Rhea's pov
The school announced the Annual Fest on a random Tuesday, which was bold of them—considering our class couldn't even handle a surprise test without emotional breakdowns.
"Participants list will be put up today," the teacher said.
That was it.
That sentence alone unleashed chaos.
By lunch, the notice board looked like a crime scene.
Names were being added. Removed. Added again.
Kabir's name was already there.
Basketball.
Of course.
Tall. Calm. Serious. Built like the school brochure hero.
Neel squinted at the list.
"Wow. Kabir made it. Shocking. The sun also rose today."
Kabir didn't react. He never did. That was his personality—silent threat.
Then Samar cleared his throat dramatically.
"Attention everyone," he announced. "I have applied."
"For what?" I asked, already nervous.
"Singing."
The corridor went quiet.
Even the ceiling fan paused.
"You… sing?" Neel asked slowly.
"I don't just sing," Samar said. "I perform."
Kabir blinked. Once.
That was his version of panic.
Practice started the very next day.
Basketball practice meant the ground. Sweat. Whistles. Kabir being aggressively good at everything.
I sat on the steps with Neel, watching.
"Why does he look like that while running?" Neel muttered. "It's unfair."
"Genetics," I said. "And zero personality flaws."
Kabir scored again.
Neel groaned. "I hate him respectfully."
Inside the auditorium, Samar was… doing something.
"I feel like a rockstar," he declared, holding the mic like it owed him money.
He sang one line.
One.
The music teacher froze.
"That's… enthusiastic," she said carefully.
Yuhan leaned toward me. "Is he serious?"
"Unfortunately," I replied, "very."
Neel whispered, "If he wins, I'm changing schools."
Meanwhile, the non-participants were causing more damage than the participants.
Someone unplugged the speaker mid-song.
Someone else started clapping at the wrong beats.
Two juniors started a dance battle in the aisle.
The teacher yelled, "THIS IS NOT A PICNIC."
Neel raised his hand. "Ma'am it feels like one."
Back on the ground, Kabir twisted his ankle slightly.
Everyone panicked.
I stood up instantly. "Idiot."
He looked at me. "It's fine."
"It's always 'fine' until it's not," I snapped, handing him water.
Neel stared. "Wow.
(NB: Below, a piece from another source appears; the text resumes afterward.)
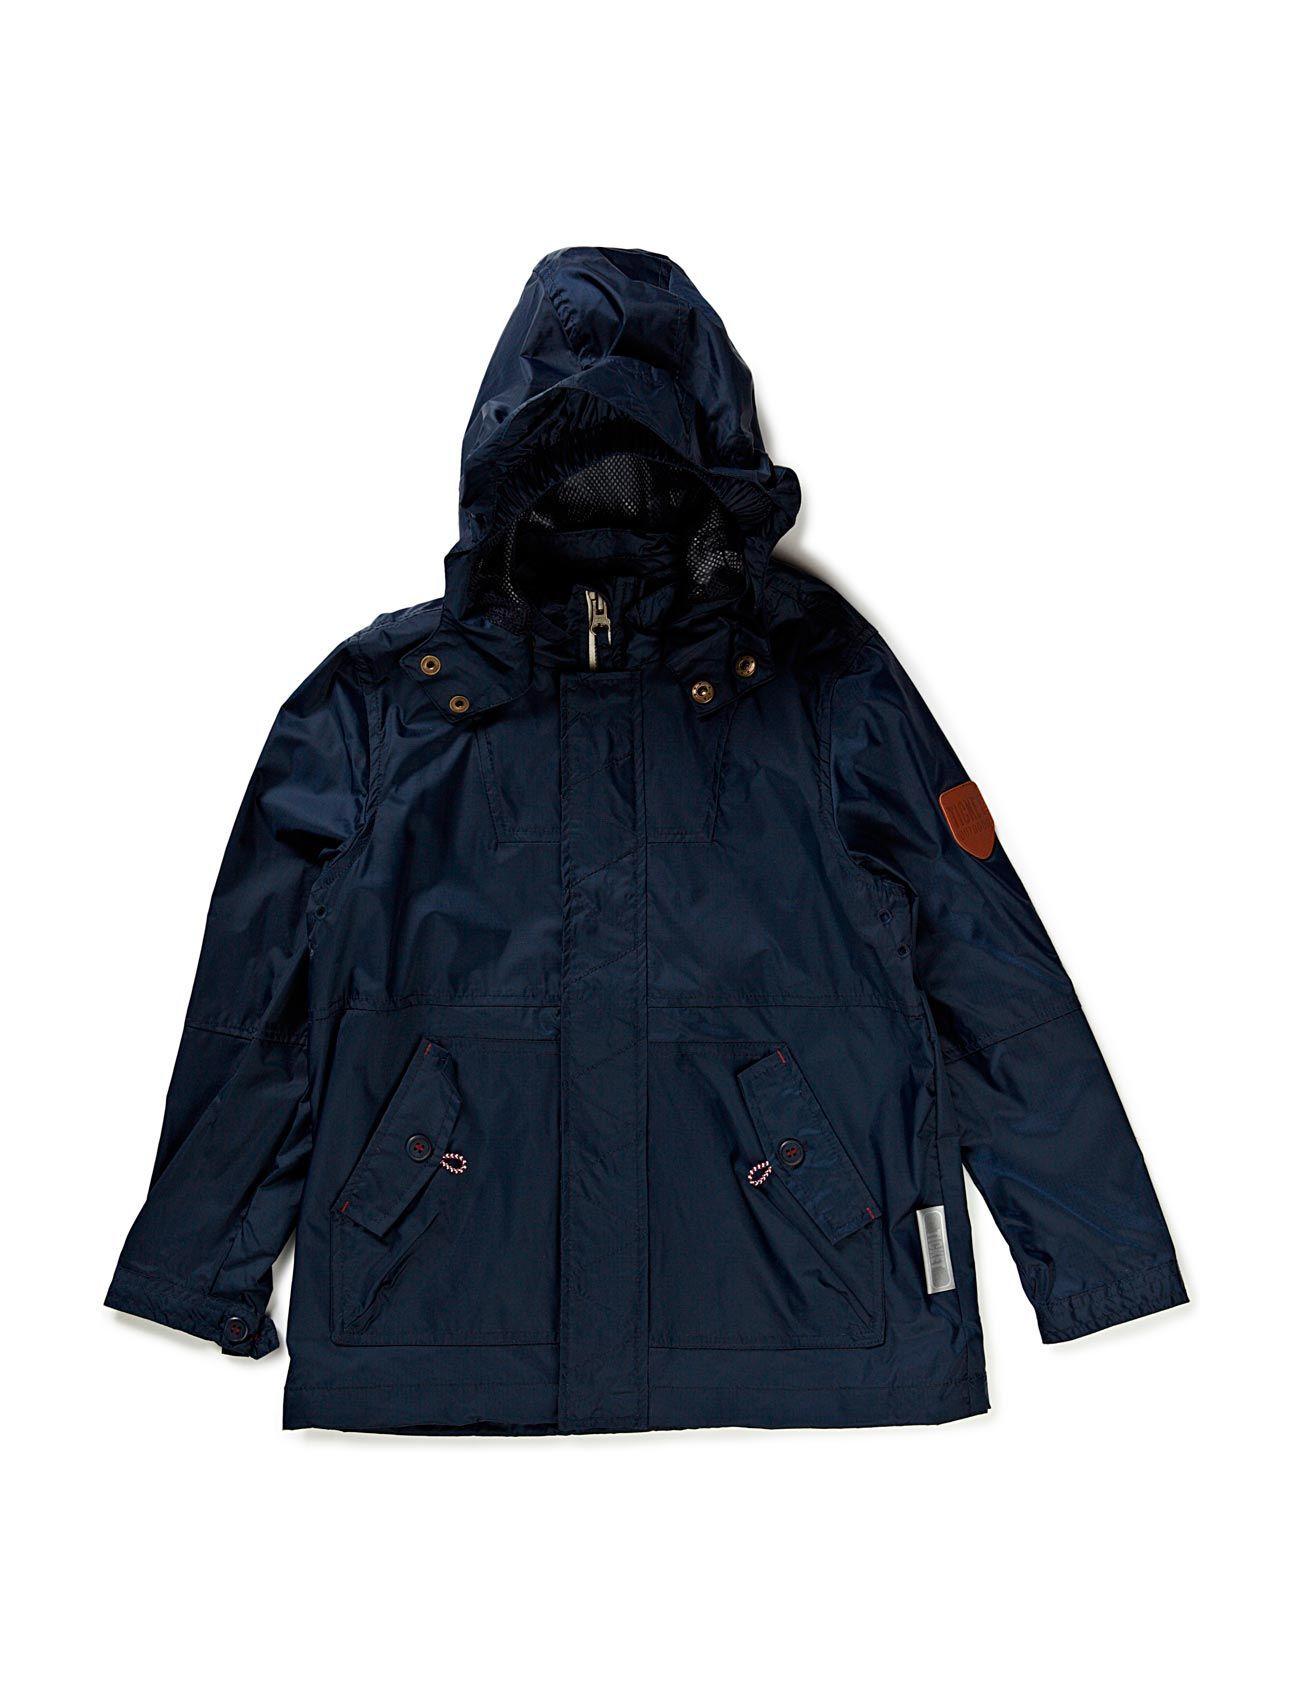 Nassau Jacket

Care unlocked."
"Shut up."
Kabir smiled. Barely.
Dress rehearsal day was worse.
Samar demanded fog lights.
"I need ambience."
"You need discipline," the teacher replied.
Kabir's team forgot their jerseys.
Neel suggested, "Just play in uniform. Call it symbolic."
I sighed. "This fest will end me."
By the end of the day, the corridor looked like a war zone.
Posters half-fallen.
Voices hoarse.
Egos bruised.
Kabir walked past me, spinning the basketball.
"Samar's singing," he said.
"I know."
"Are we surviving this fest?"
I smirked. "Barely."
And honestly?
I couldn't wait.
Fest Day arrived like a personal threat.
The school was decorated with balloons, banners, and a level of optimism that made me deeply uncomfortable. Everyone was running around like this was a movie and not an institution that usually survived on broken fans and sarcasm.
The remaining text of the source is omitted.